You know the expression, "You never see the bullet that kills you"?
Well, in late August, this saying aptly applied to the mainstream financial analysis surrounding soybeans, when it was "taken out" by a sharp and sudden downturn.
Here's a brief recap: On August 30, soybean prices soared to a three-year high. "Fundamentals" were suggesting a perfect bullish storm still ahead:
- "US crop forecasts are falling, and that will continue to support the market." (Bloomberg)
- "Soybeans extended their rally on speculation that hot, dry weather in the US, the world's largest grower and exporter, damaged crops more than forecast by the government. Markets rise on yield worries." (Bloomberg)
YET, on August 31 none of it stopped soybeans from turning down in a stomach-churning, 20% sell off to an 11-month low before pausing on October 4.
That's the weakness of forecasting the markets with "fundamentals": Usually, you simply end up rationalizing the current trend -- and miss the turn.
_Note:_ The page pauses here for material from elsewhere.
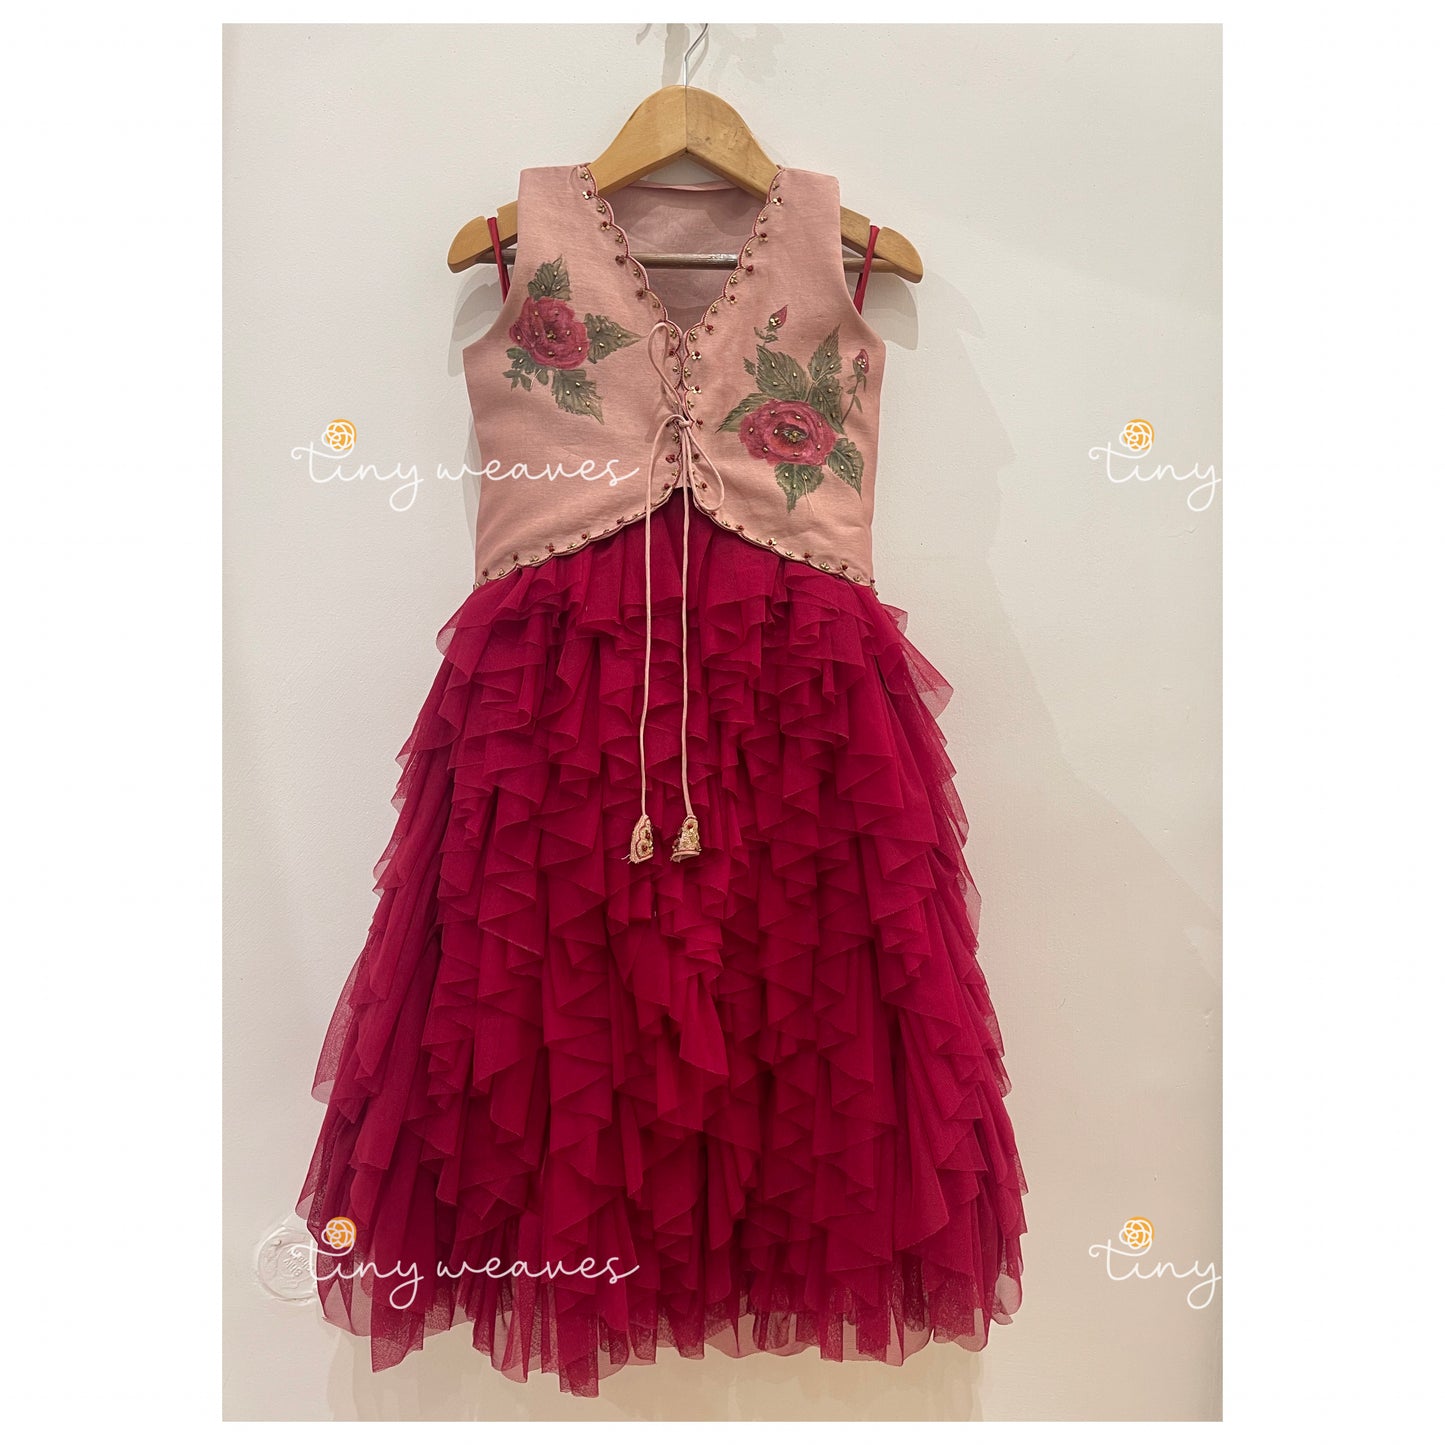 The tulle rose skirt set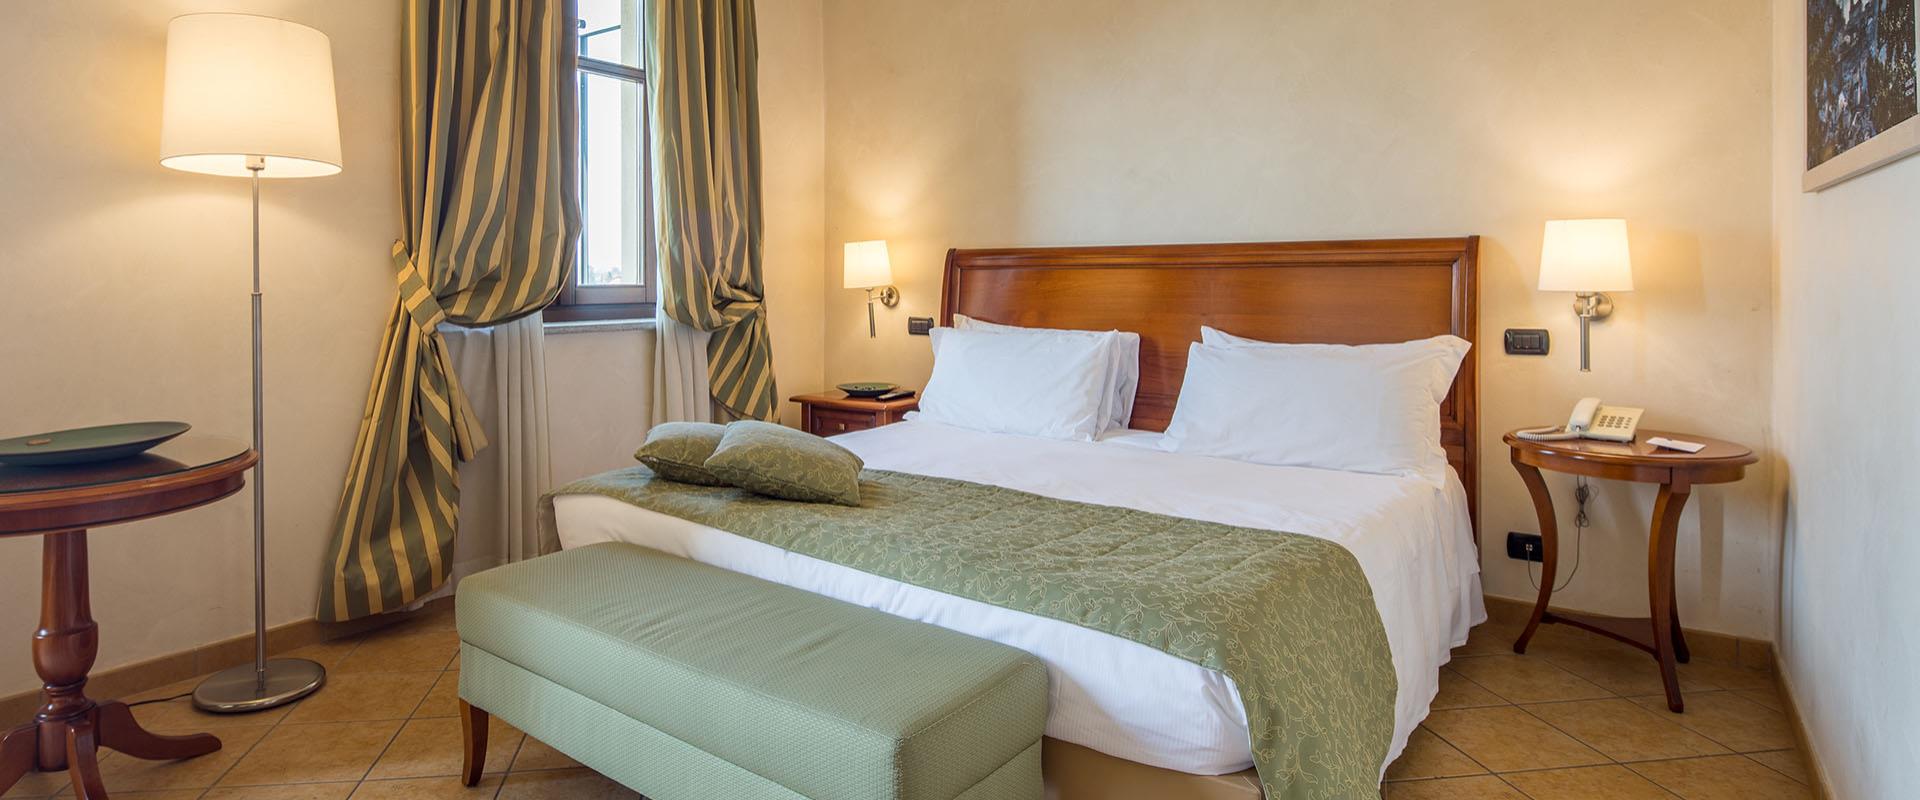 Suchen Sie ein Hotel für Ihren Aufenthalt in der Nähe des Flughafens Turin Caselle? Buchen Sie im Best Western Plus Hotel Le Rondini

But while there is no fool-proof market forecasting method, Elliott wave analysis does a much better job at seeing trend changes ahead.
On August 30, EWI's Commodity Specialty Service editor Peter DeSario presented the following chart of soybeans that showed a large "expanded flat" Elliott wave pattern nearing completion along with this timely insight:
"An imminent top is expected... Another three to follow the completed wave (X) appears to be an expanded flat that could complete with the next reversal indication and be followed by a substantial decline."
"Prices could have registered a top of lasting significance at Wednesday's high."
A 20% selloff that followed speaks for itself. Note that the forecast didn't mention a single "fundamental" factor.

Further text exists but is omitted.